***** The records
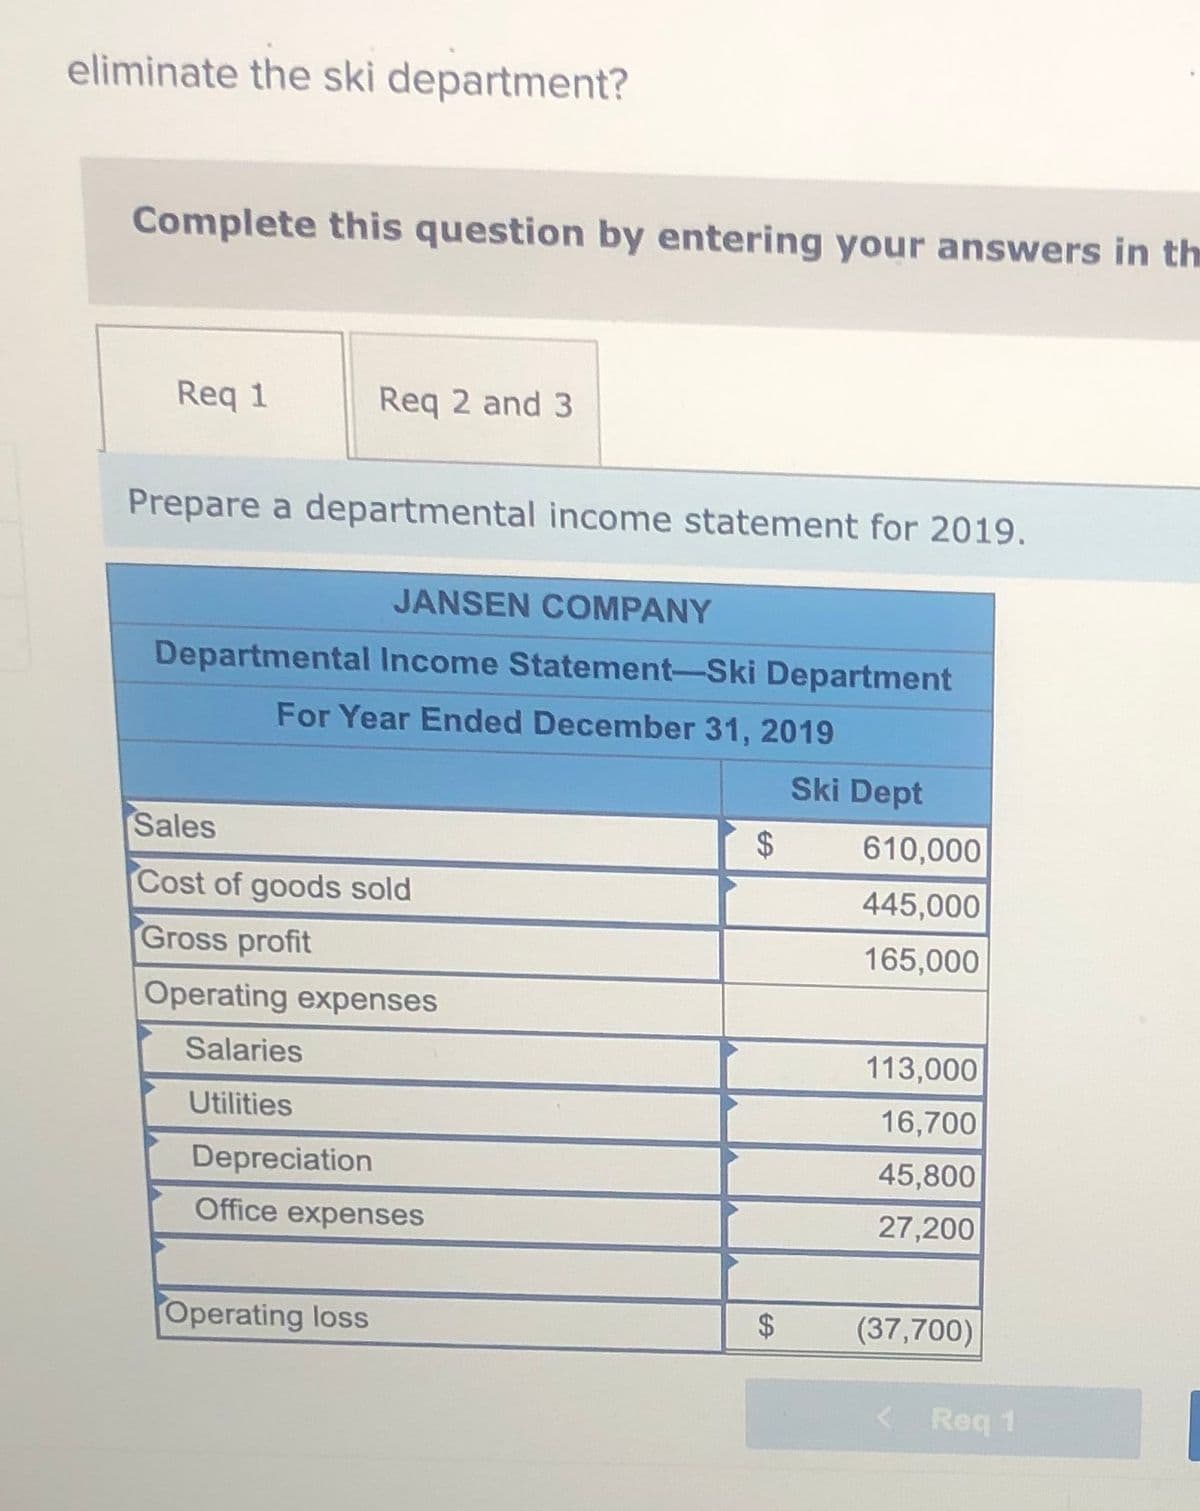 eliminate the ski department?
Complete this question by entering your answers in th
Req 1
Req 2 and 3
Prepare a departmental income statement for 2019.
JANSEN COMPANY
Departmental Income Statement-Ski Department
For Year Ended December 31, 2019
Ski Dept
Sales
610,000
Cost of goods sold
445,000
Gross profit
165,000
Operating expenses
Salaries
113,000
Utilities
16,700
Depreciation
45,800
Office expenses
27,200
Operating loss
(37,700)
< Req 1
%24
%24
**********
[What the exercise asks]
Set down exactly the lines beginning at the one that holds "Complete this question" and ending with the last line of the data.

[Response to the exercise]
Complete this question by entering your answers in th
Req 1
Req 2 and 3
Prepare a departmental income statement for 2019.
JANSEN COMPANY
Departmental Income Statement-Ski Department
For Year Ended December 31, 2019
Ski Dept
Sales
610,000
Cost of goods sold
445,000
Gross profit
165,000
Operating expenses
Salaries
113,000
Utilities
16,700
Depreciation
45,800
Office expenses
27,200
Operating loss
(37,700)
< Req 1
%24
%24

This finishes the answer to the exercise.